OPINIÃO

Enquanto a fumaça branca não vem

Durante séculos, os conclaves vêm sendo organizados como se o tempo, lá dentro, obedecesse a outro calendário.

Nada de redes sociais, celulares ou vídeos clandestinos; ali, o silêncio é lei — e a fidelidade ao segredo, um sacramento.

O processo que elegerá o sucessor do Papa Francisco, que se inicia oficialmente nesta quarta-feira (7), já começou a ser desenhado nos últimos dias nos bastidores do Vaticano, com toda a liturgia que envolve o que talvez seja o evento mais secreto do planeta.

Na Capela Paulina, não apenas cardeais, mas também médicos, enfermeiros, ascensoristas, cozinheiros, motoristas e até o pessoal da limpeza prestaram um juramento solene diante das Escrituras.

Prometeram manter o mais absoluto silêncio sobre tudo o que direta ou indiretamente diga respeito ao conclave — sob pena de excomunhão, sim, esse rigor que há muito deixou de causar espanto por ali.

Durante os dias que durar a assembleia, os cardeais estarão hospedados na Casa Santa Marta, que pela terceira vez abriga os eleitores de um novo pontífice.

O edifício foi esvaziado por completo, e todos os demais hóspedes deslocados para casas paroquiais distantes. Só um nome destoará do rigor: o do cardeal Angelo Acerbi, com seus 99 anos, que permanecerá no local, embora já sem direito a voto.

Na Capela Sistina, o cenário é sagrado e vigiado. Não há sinal de celular, televisão ou jornais.

Equipamentos que bloqueiam qualquer tentativa de comunicação foram instalados tanto no local da votação quanto na residência onde os cardeais dormem e se alimentam.

Antes da abertura do conclave, técnicos farão uma varredura final, em busca de microfones ou câmeras escondidas. O ritual é meticuloso e austero.

Ainda assim, o cotidiano dos príncipes da Igreja dentro da clausura não é de penitência, ao menos à mesa.

As refeições seguem o ritmo italiano — com entrada, prato principal e sobremesa. Vinho é permitido, em doses discretas. Mas a cozinha guarda suas próprias regras: frangos inteiros e bolos, por exemplo, são vetados. Melhor prevenir do que permitir que uma mensagem secreta venha embutida entre camadas de glacê.

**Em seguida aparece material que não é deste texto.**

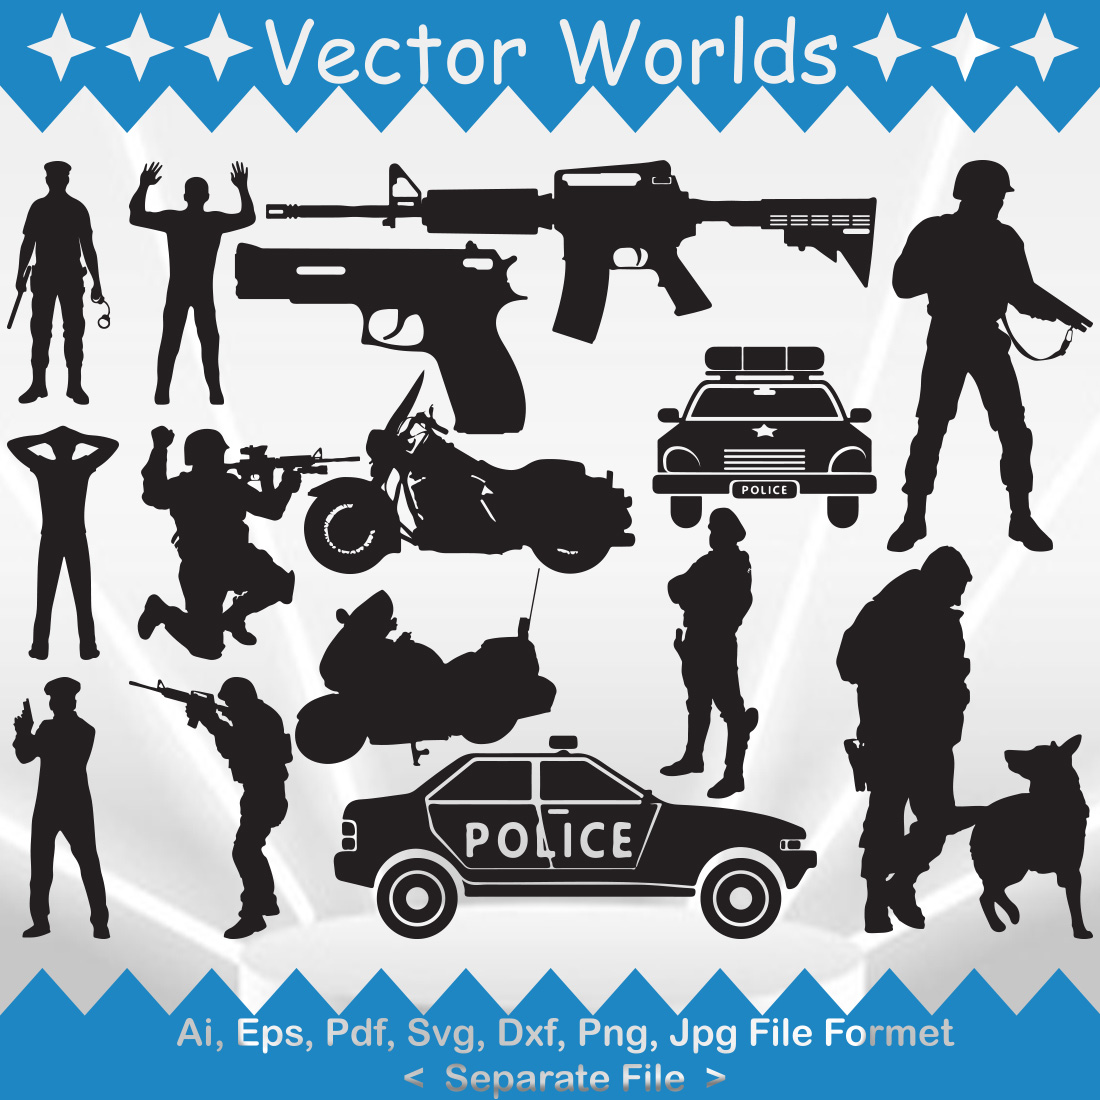 Police SVG Vector Design cover image.

As normas que regem esse processo vêm sendo lapidadas há séculos. O Papa Gregório X, no longínquo 1274, foi quem formalizou o conclave como o conhecemos: fechado a chave, sem comunicação com o mundo exterior e com prazos definidos.

Para conter os exageros temporais que marcavam os pleitos papais da época — o seu próprio conclave durou dois anos e nove meses — ele instituiu regras draconianas.

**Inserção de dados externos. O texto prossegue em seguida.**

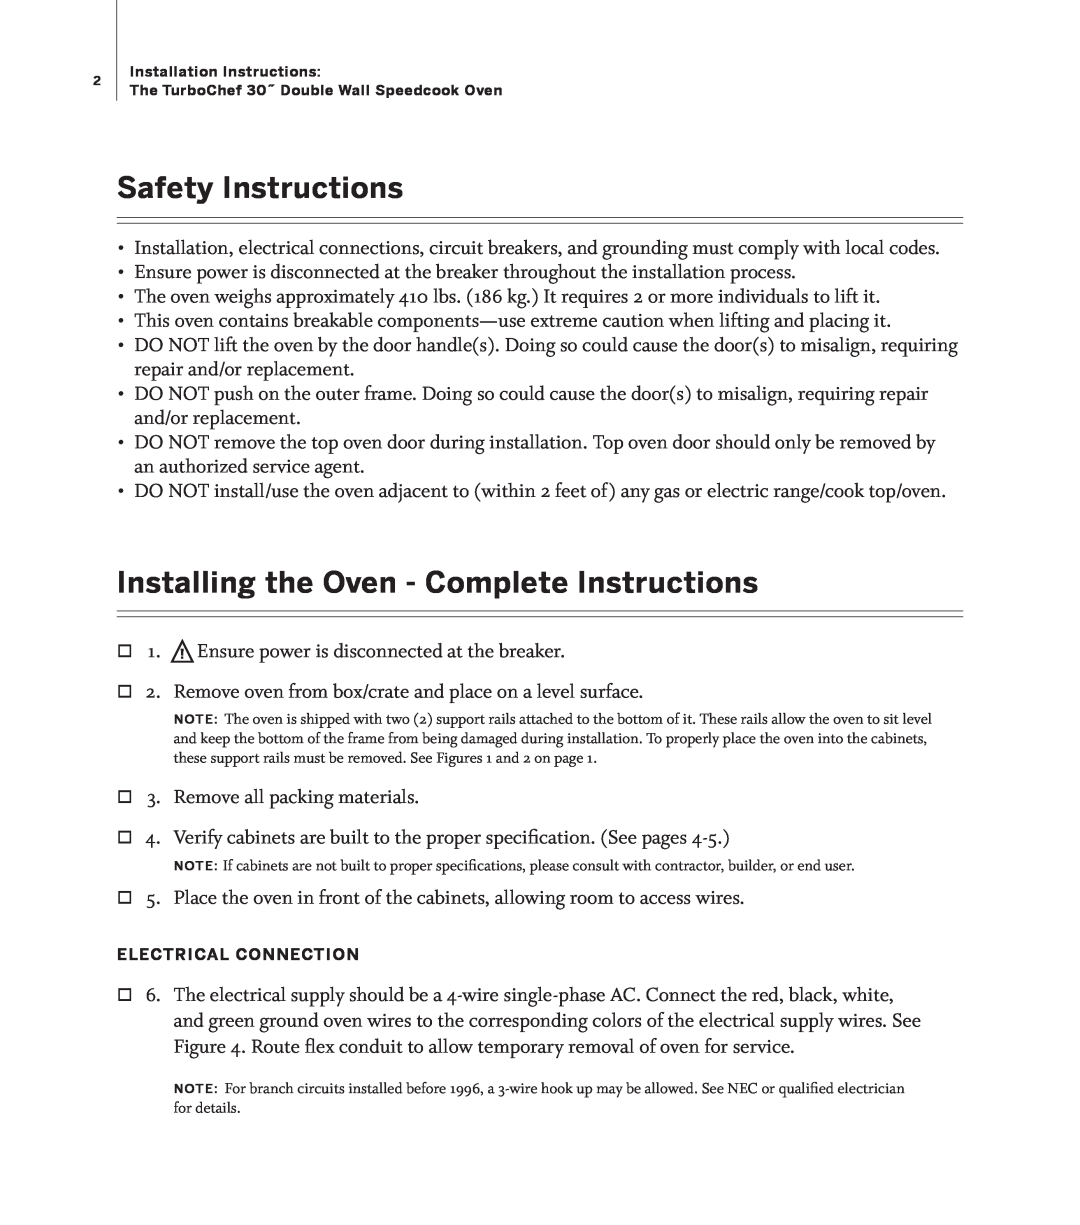 Turbo Chef Technologies TD030* 208 Safety Instructions, Installing the Oven - Complete Instructions

Três dias para eleger. Depois disso, racionamento. A partir do oitavo dia, pão, vinho e água.

Hoje, embora sem a urgência do jejum forçado, espera-se um processo breve.

Os cardeais têm reiterado, em conversas internas, que desejam um Papa de perfil pastoral, com voz para os dramas contemporâneos e presença para os dilemas de um mundo em transformação.

Enquanto isso, olhos atentos se voltam ao céu de Roma. Lá, no alto da Capela Sistina, uma singela chaminé se torna o centro simbólico da cristandade.

De sua fumaça escura, ainda em marcha, virá — em tempo incerto e solene — o sinal claro de que um novo nome foi escolhido.

E então, só então, o mundo saberá: Habemus Papam.